3.5. Consequences of pretreatment with PZM21 on morphine‐induced behaviour
We then investigated whether PZM21 may influence antinociceptive and addictive effects of morphine. For these experiments, we chose doses of 20 and 40 mg·kg−1 PZM21 (i.p.), as our previous data suggested a ceiling effect of PZM21 above the dose of 40 mg·kg−1 and these doses did not induce physical dependence or aversion. First, we determined the dose of morphine (5 mg·kg−1) that induced approximately 50% of MPE in the tail flick test and assessed how pretreatment with PZM21 will influence morphine‐induced antinociception. Our results show that the dose of 40 mg·kg−1 of PZM21 enhanced and prolonged antinociception evoked by morphine (Figure 5a). Next, we used a model of tolerance to morphine‐induced antinociception and assessed the effect of PZM21 under these conditions. The obtained data showed that pretreatment with PZM21 did not influence tolerance development during repeated administration of 10 mg·kg−1 of morphine (Figure 5b). To investigate whether PZM21 modulates addictive properties of morphine, we performed CPP and locomotor sensitization tests. The results obtained show that pre‐administration of 40 mg·kg−1, but not 20 mg·kg−1 of PZM21, prevented the formation of morphine‐induced CPP (Figure 5c). Pretreatment with PZM21 did not affect the development of morphine‐induced locomotor sensitization (Figure 5d). However, a slight tendency towards the reduction of morphine effects was observed. Moreover, PZM21 did not affect the expression of morphine sensitization after the 8‐day incubation period (Figure 5d). Taken together, our results show that PZM21 enhances antinociceptive effects of morphine and suppresses its rewarding properties.
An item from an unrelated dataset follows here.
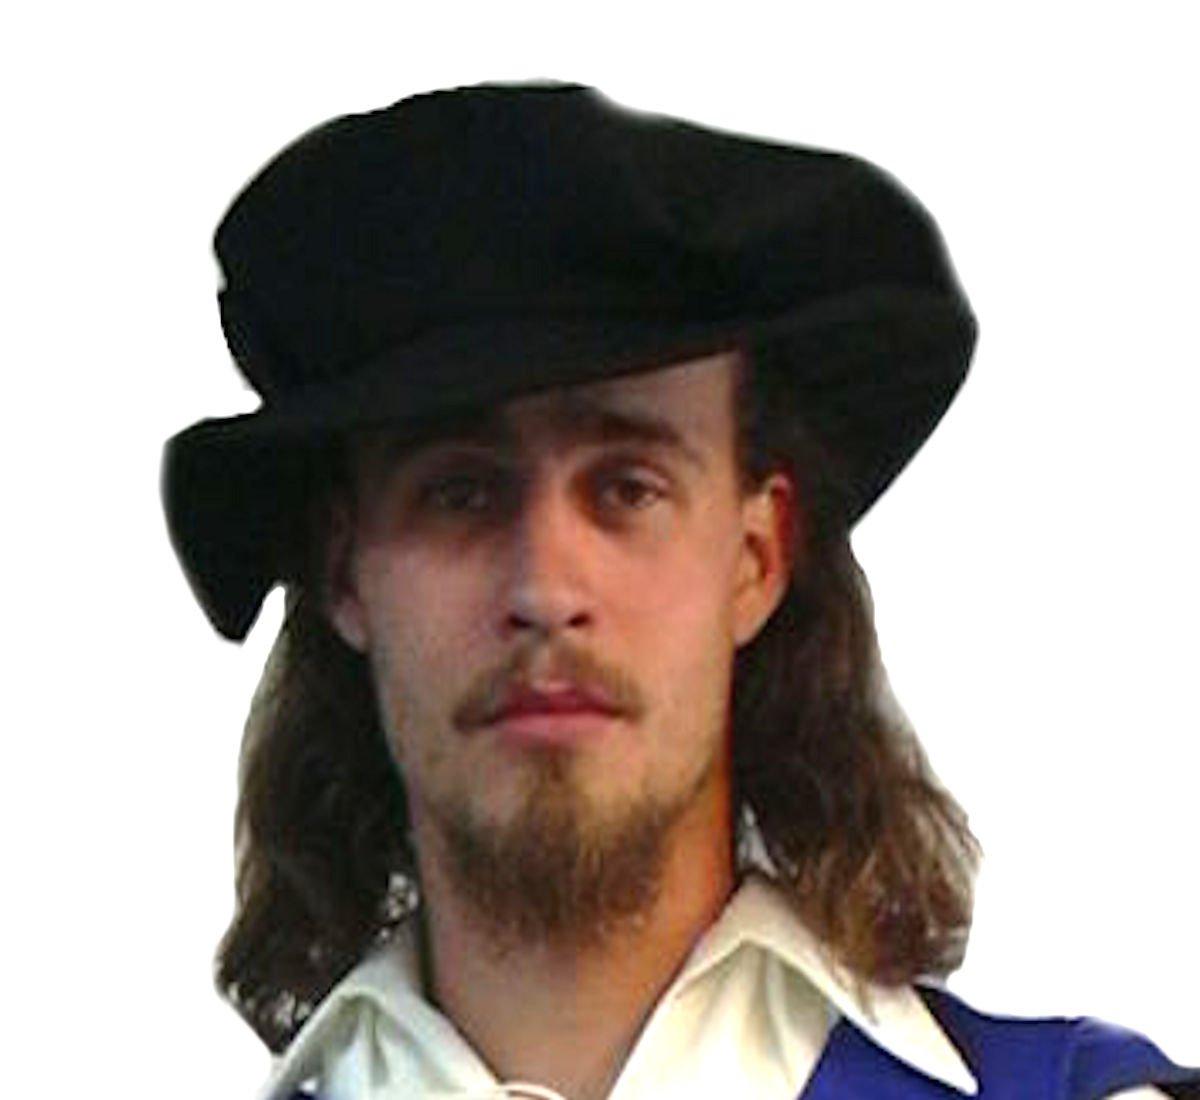 Men's Renaissance Tudor Black Flat Cap - DeluxeAdultCostumes.com

4. DISCUSSION AND CONCLUSIONS
In the present study, we examined a novel G protein‐biased μ receptor ligand, PZM21, as a potential nonaddictive analgesic and assessed its ability to modulate morphine‐related behaviour in mice. We demonstrated that PZM21 (administered both intraperitoneal and intrathecal) efficiently exerts dose‐dependent, long‐lasting antinociception and that cyprodime, a μ‐receptor antagonist, blocks this effect. Further, we confirmed that PZM21 is a compound selective for μ‐receptors, while weakly interacting with δ‐opioid receptors. Therefore, our results suggest that PZM21 induces antinociception by acting selectively via μ‐receptor signalling. Interestingly, PZM21 did not elicit MPE in the tail flick test at any of the tested doses, suggesting that increasing the dosage beyond a certain level would not enhance antinociception, known as a ceiling effect (Trescot, Datta, Lee, & Hansen, 2008). PZM21 increased the latency to paw licking/jumping reaction in the hot plate test. Therefore, our study confirmed the effectiveness of PZM21 in the “supraspinal” component of pain processing, as was suggested by Manglik et al. (2016). However, our results clearly demonstrate that PZM21 action is not restricted to supraspinal CNS areas, because we observed antinociceptive effects after intrathecal administration of the compound in the tail flick test that is known to be a measure of spinal reflex (Deuis, Dvorakova, & Vetter, 2017). Taken together, the data from our study indicated that PZM21 is a compound with antinociceptive efficacy. Notably, G protein‐biased opioid analgesics were reported to have a broader therapeutic window than conventional opioids, which allows for antinociception in the absence of respiratory depression (Schmid et al., 2017). However, Hill et al. (2018) have shown that PZM21 depresses respiration; therefore, a question why PZM21 induces suppression of respiration regardless of its bias towards the G protein remains to be addressed in further studies.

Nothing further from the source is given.